Jump link: Figure 1.
Claudio Whitehead appears to have been interested in antiquities and archaeological monuments in Guatemala prior to his marriage to Marguerite. This fact is apparent from his personal copy, dated 1933 on the flyleaf, of J. Antonio Villacorta and Carlos A. Villacorta’s 384-page work Arqueologia Guatemalteca (1930). Later, it appears, he passed this reference work to his stepson Marse. Famous Mayan sites with temples and stelae, such as Quirigua and Tikal, are described by the Villacortas. Judging by photos in Marse’s own album (Figure 2), Claudio took Marguerite and Marse to visit some of these same sites. An useful guide for visiting these places would have been Jose Valle’s 182-page handbook entitled Guatemala para El Turista (1929), which also was owned by Claudio Whitehead. Scenic highland towns like Chichicastenango in Quiche Province were not omitted from the Whiteheads’ itinerary; in his album Marse mounted many photographs of “Chichi’s” famous market and its Indian vendors selling colorful huipils (blouses) and other articles. It is likely that during the 1930s some shops in town sold prehistoric antiquities (to the right visitor!) just as we know they do now. At some point the Whiteheads acquired two small, genuine stone sculptures known as kamahuiles, which commonly occur in Quiche (see Figure 3). These figures, which attain a height of 30 cm (12 inches), are thought to date to the Olmec era – the first and second millenia BC. Their upright posture with hands on the abdomen recalls the Mezcala/Chontal stone figures from south-central Mexico (Throckmorton 1991), to which they may be related.
Jump link: Figure 2. and 3.
On a visit to Quirigua the Whiteheads and companion tourists were entertained by costumed Indian dancers wearing finely carved wooden masks (as shown in several photographs within Marse’s album). Guatemalan Indian masks are valued even today as souvenirs; however, to my knowledge there is no publication about them that can compare to Donald Cordry’s classic work Mexican Masks (1980).

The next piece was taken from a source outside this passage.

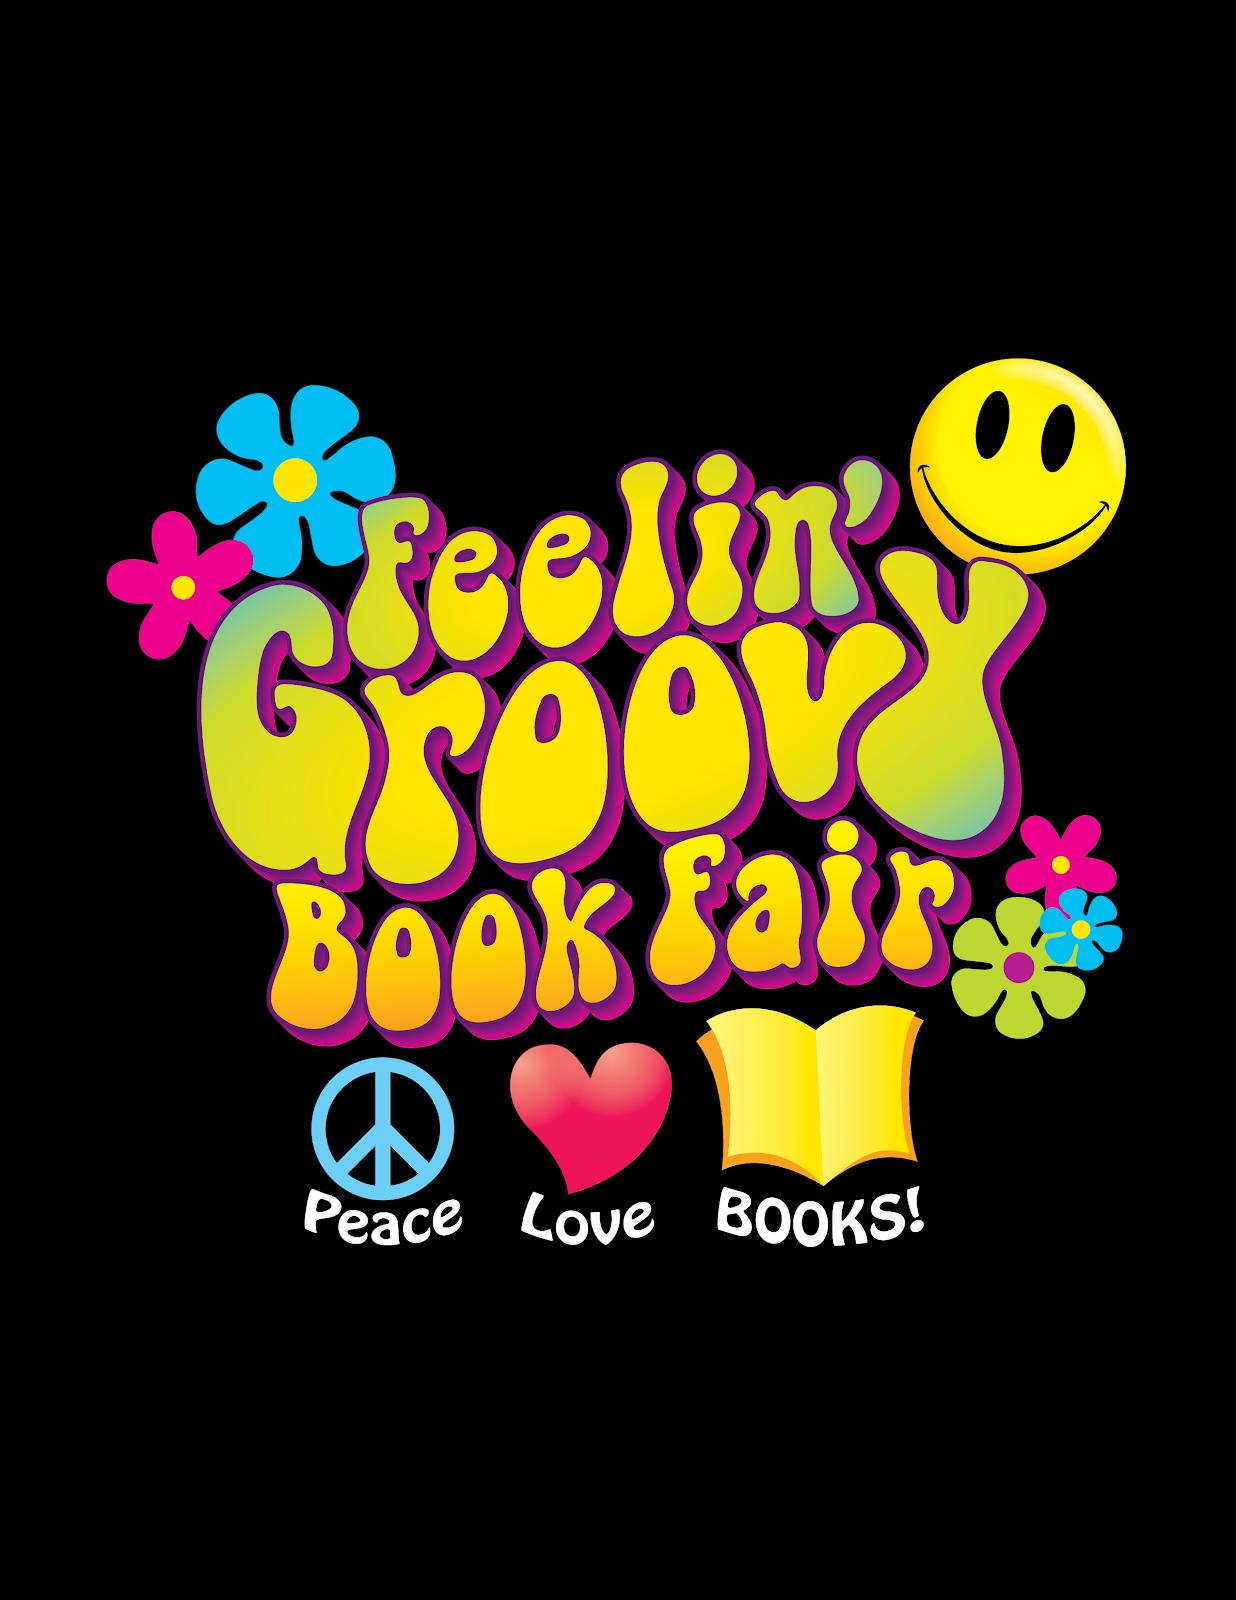 http://bookfairs.scholastic.com/bookfairs/cptoolkit/assetuploads/171213_feelin'_groovy_book_fair_clip_art_logo.png
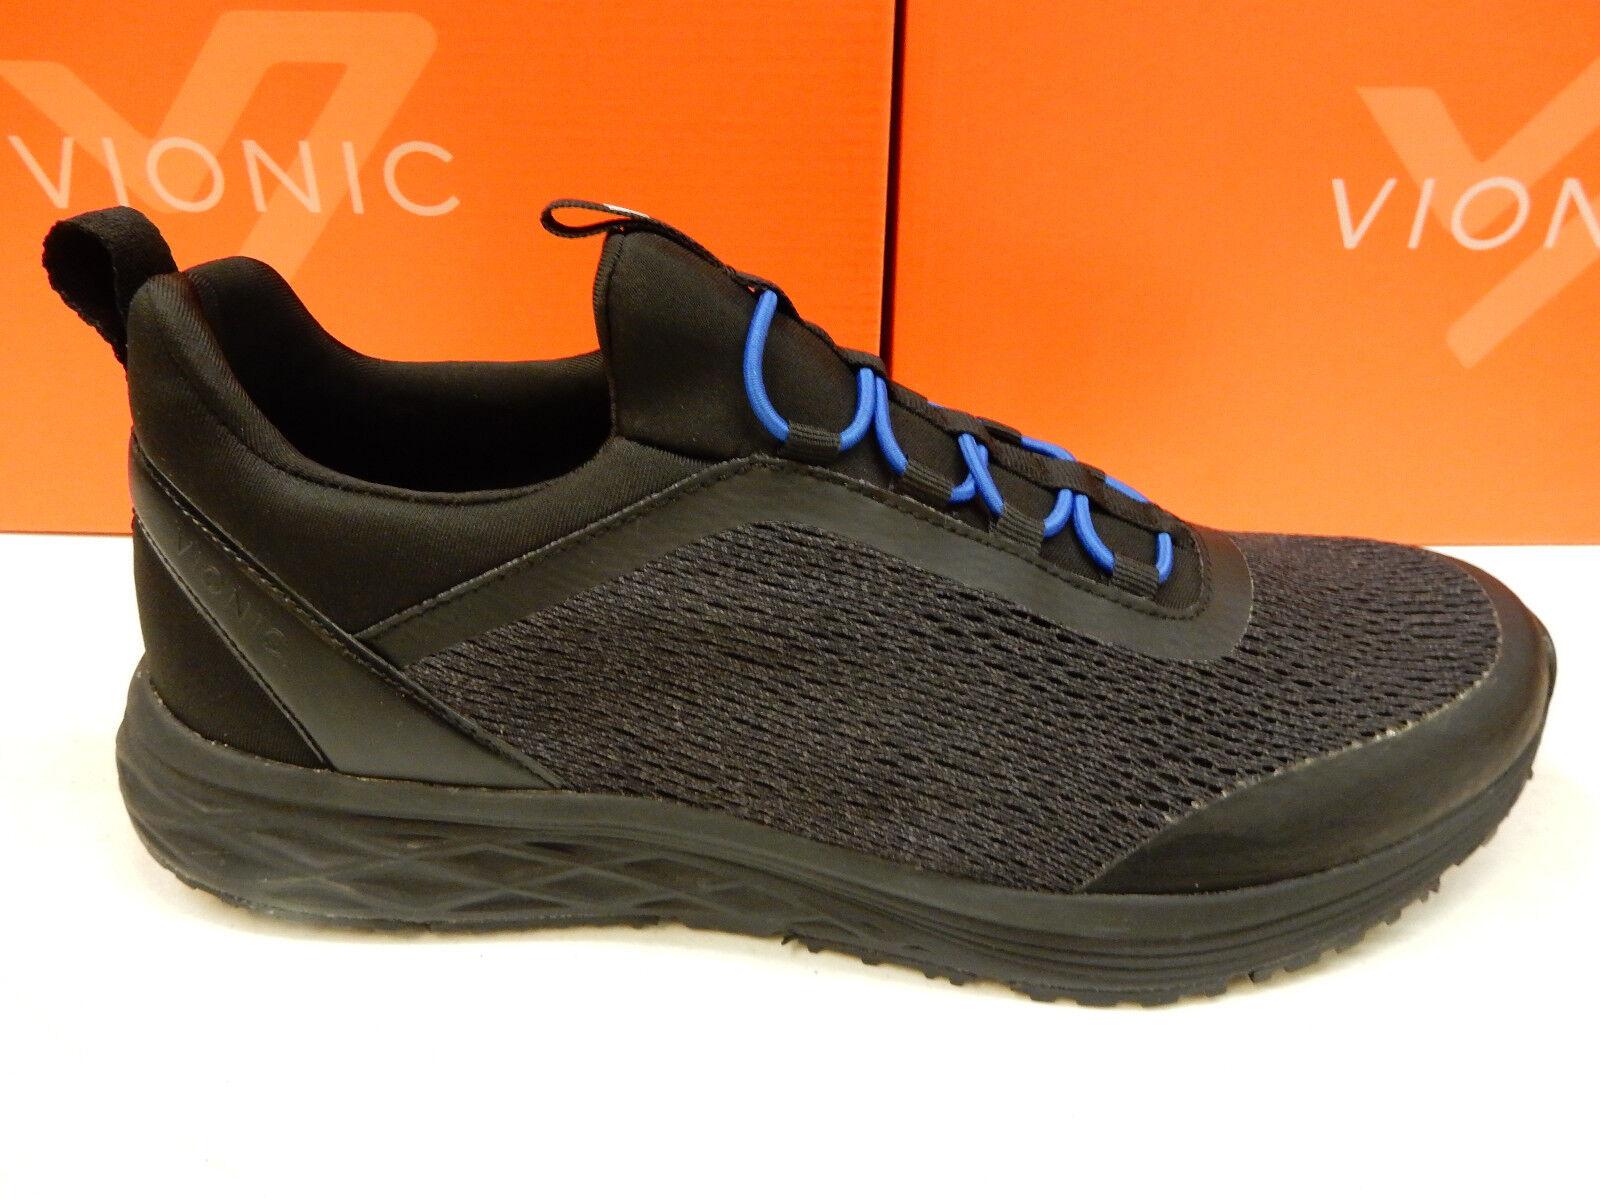 Vionic Mens Morris Active Sneaker Black Size 11.5

Perhaps the dancers, sensing the keen interest of the Whiteheads in vestiges of the glorious Mayan past, offered for sale the extraordinary stone mortar shown in Figure 4? The mortar has been sculpted as a frog with a deep grinding cavity in its back. Black, tarry drippings adhering to sculpture’s side and undersurface suggest that it had been used more recently as an incense burner. Copal incense cakes, neatly wrapped in packages made of banana leaf are still sold in Guatemalan Indian markets (see Figure 5). One would have expected the masked performers at Quirigua to have burned incense during ritual observances and to have preferred a true antique for a burner.
Jump link: Figure 4. and 5.
Marse included a photograph of the mortar in his album (Figure 6). It must have been collected before 1937/38.
Jump link: Figure 6.
Marse’s budding interest in Mayan language and culture, and particularly in Mayan calendrics and writing, was noticed by his Salvadoran friends. In May, 1936, Marse was given the book Gramatica del Idioma Cachiquel by Senora dona Carmen V. de Luzo. It is apparent that Marse, then an intelligent, thoughtful young teenager, had learned to read Spanish, but he may have found this study of Quiche Mayan language authored by the 18th century (?) ecclesiastic Fr. Carlos J. Rosales to have been “heavy going”!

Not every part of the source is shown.